Иногда навстречу людскому потоку попадался батальон, возвращавшийся с фронта; тогда поток прерывался, усталых бойцов окружали и жадно расспрашивали…
1
Шаспо — система ружья во время франко-прусской войны 1870–1871 годов.
Спускались светлые майские сумерки. Взводные факельщики зажгли свои веселые желтые огни. Песни сливались одна с другой, утихали, переходили в говор, смех или заглушались вдруг резвой дробью барабанов.
Всадники спешили; они не отвечали на приветствия коммунаров, различавших в темноте золотые галуны офицеров Коммуны.
В Жантильи они свернули к штабу командующего Второй армией Коммуны генерала Врублевского. Старомодный облупленный особняк сверкал огнями сквозь редкие деревья порубленного сада. Взметая песок, верховые осадили коней на площадке перед домом. Офицеры и человек в штатском прошли сквозь расступившуюся толпу к подъезду. Часовой задержал штатского, подозрительно вертя в руках мандат на имя военного делегата Коммуны.
— Я Россель, — нетерпеливо сказал человек в штатском.
При этих словах вестовые, командиры, члены комитетов батальонов, артиллеристы, раненый канонир — все, кто стояли на крыльце, сидели в самых живописных позах на ступеньках, перилах, ожидая распоряжений из штаба, — замолчали, бесцеремонно разглядывая низкорослую угловатую фигурку в модном сером сюртуке. Глаза Росселя блеснули из-под шляпы.

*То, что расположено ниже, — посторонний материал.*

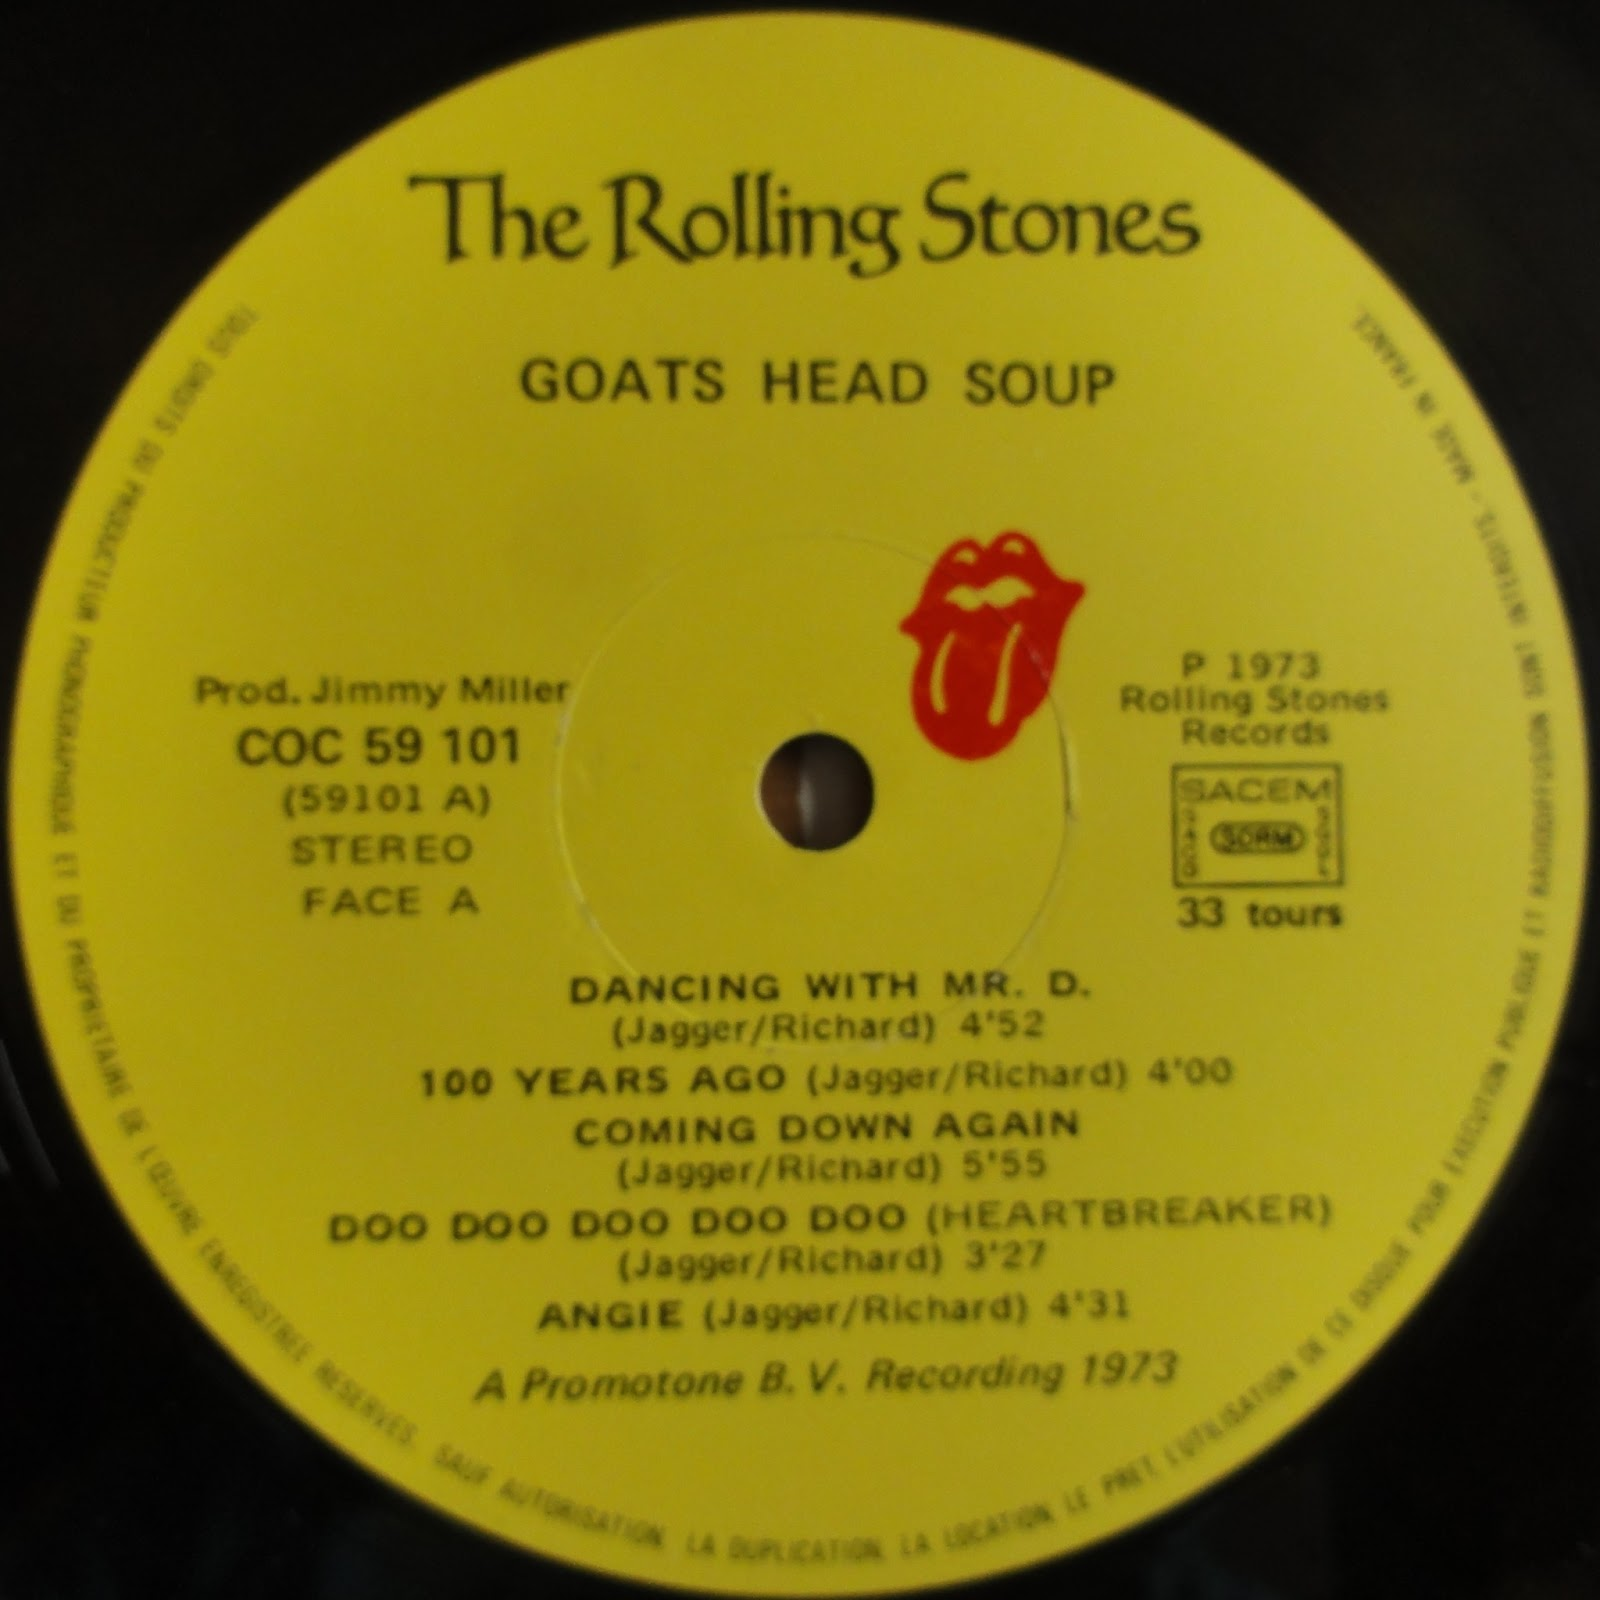 Download Rolling Stones Goats Head Soup Rar

— Что тут за рынок? — резко спросил он.
Никто не отозвался. Часовой молча вернул ему мандат, не торопясь убрал ружье, преграждавшее вход.
— Вот он каков, главнокомандующий, — удивленно протянул раненый канонир, глядя вслед Росселю.
— Он у Трошю был полковником!
— Да… чувствуется.
Коммунары спустились вниз, разлеглись в стороне у коновязи, в густой, высокой траве. Над их головами лошади, похрустывая, жевали траву и тихонько ржали.
Одичалые цветы выползали из клумб, спутав прошлогодние хитроумные узоры. Их крепкий аромат заглушал запах пороха и пота, который принесли с собой коммунары.
Ежеминутно хлопали двери караульной, дежурные выкликали имена, во все стороны отправлялись ординарцы, теплая земля вздрагивала от близких разрывов. Но с канонадой так сжились еще со времени осады Парижа, что тревожила тишина.
Разговор не прерывался:
— Да, везет же нам на командующих! Сперва Люлье…
— Винная бочка!
— …потом Клюзере…
— Авантюрист и хвастун!
— … теперь Россель. Нет, граждане, революционной армией не может командовать офицер!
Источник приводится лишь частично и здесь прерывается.